So, what's your take-away from these journal entries I've posted, and the cards? Do you fear my design powers because I was thinking about descriptor based characters more than twenty years ago? (What was the first RPG with descriptor-based characters, anyway?) Or do you look at the writing of my 18-year-old self, my mixed use of past and present tense, my awkward grammar, and at my strange choices for the physical descriptors, and find the whole thing less than remarkable?
Actually I'm hoping to make a non-obvious point by having posted it. What did I do with this game design? I left it in a box. Partially complete. Never playtested. Never published.
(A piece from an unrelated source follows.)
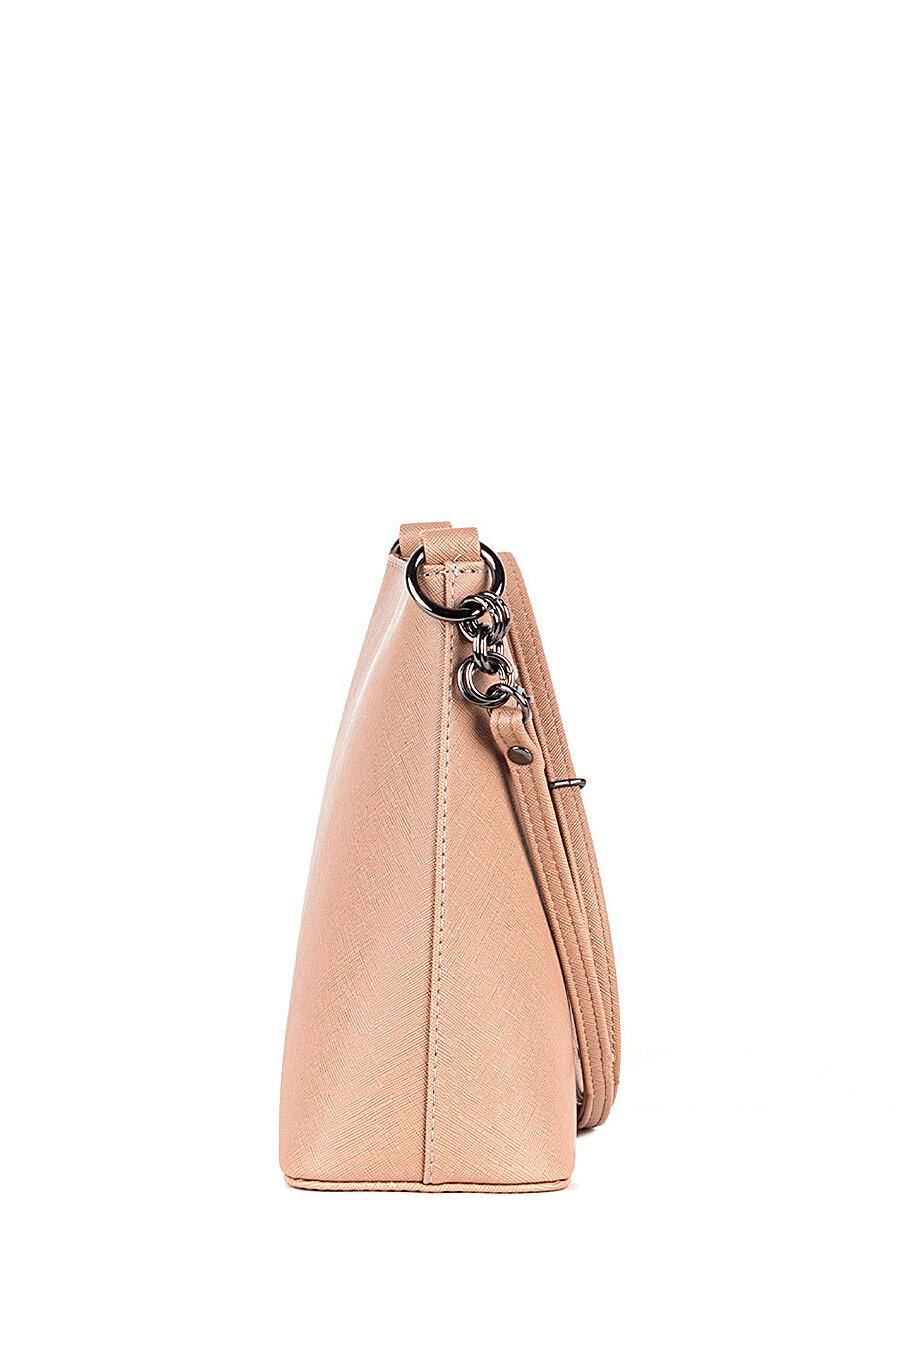 Сумка для женщин L-CRAFT 668236 купить оптом от производителя. Совместная покупка женской одежды в OptMoyo
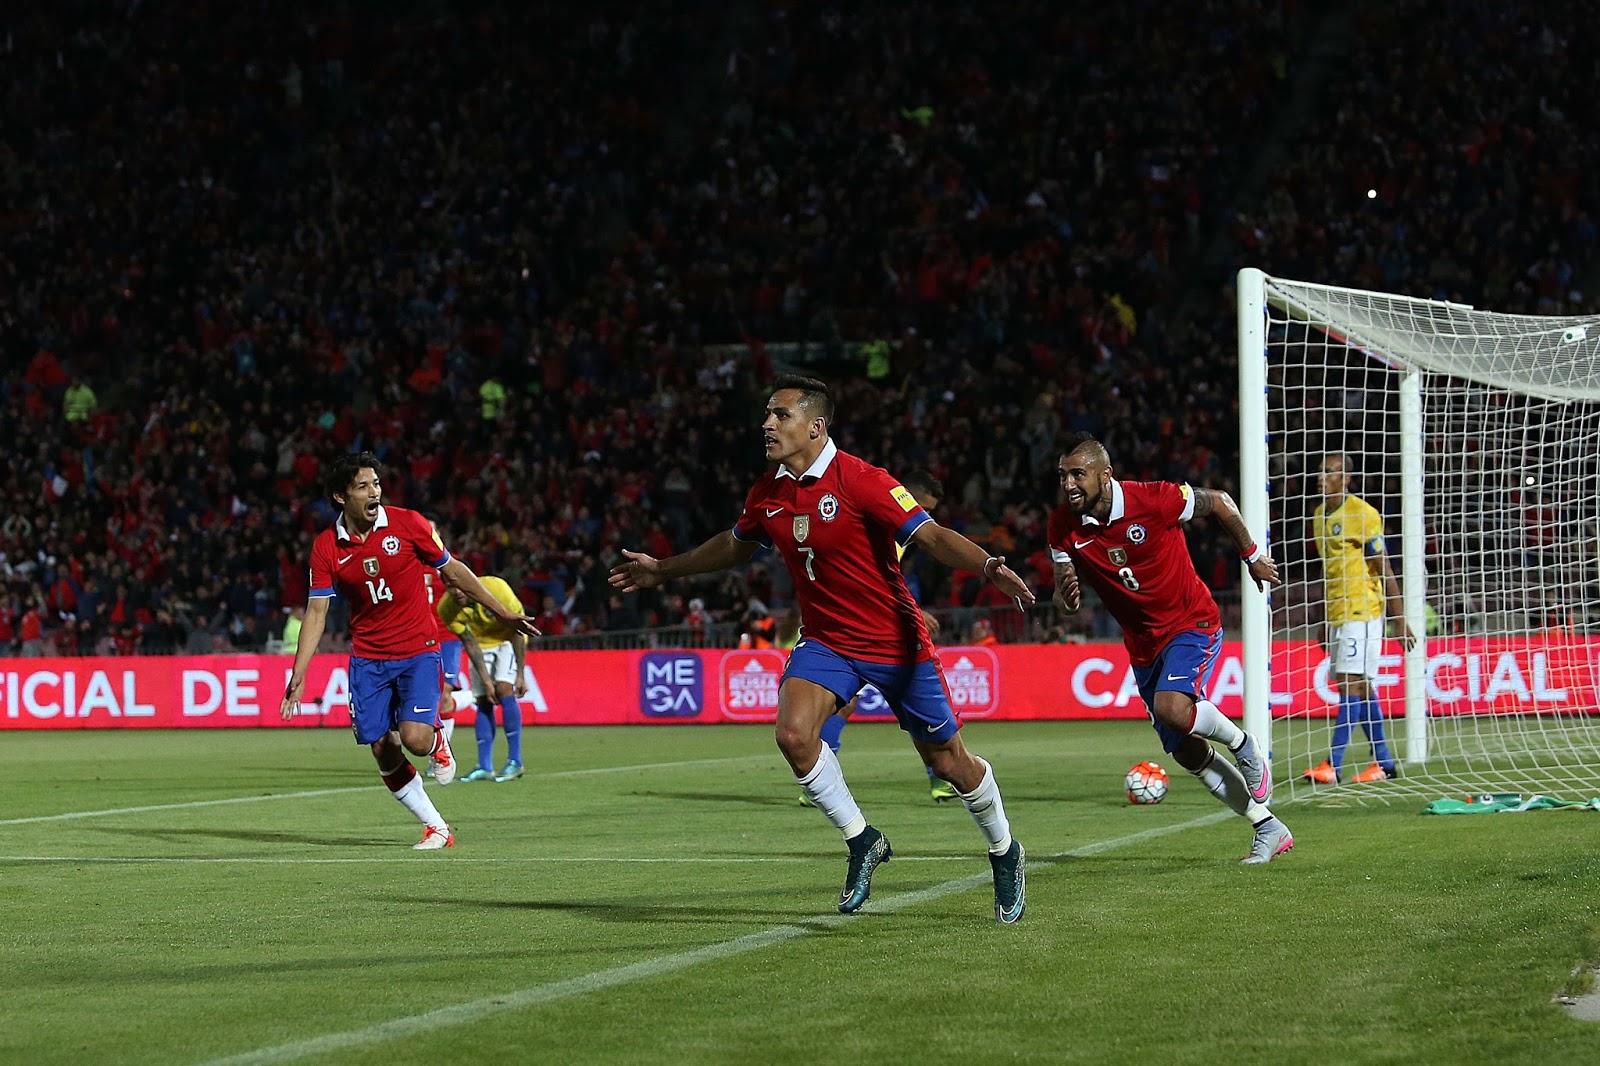 Chile y Brasil en Clasificatorias a Rusia 2018, 8 de octubre de 2015

And because I found it lacking in enduring merit? (Not hardly. I've held on to it for more than twenty years.) Or because I lacked passion? In fact I never did anything with it, or designed anything else for more than fifteen years, because I just had too much gamer baggage holding me back. Every descriptor gives you an additive 5% chance of success...good lord! As a gamer I was arrested at 18 and didn't get beyond it until I was almost 34. And I wouldn't even have managed that if I hadn't found a mentor and a community who helped me overcome my baggage.
So my non-obvious point is an exhortation. I wasn't born from whole cloth as the designer of My Life with Master. I was born into it from my own gaming pain and then delivered from my arrested state by mentorship. This game, with its descriptor-based characters, could have been honed to a blisteringly innovative and fun rpg. Or alternately, I could have done nothing further as a designer my whole life. My non-obvious point is that creative excellence needs mentorship...and there isn't enough of it in our hobby.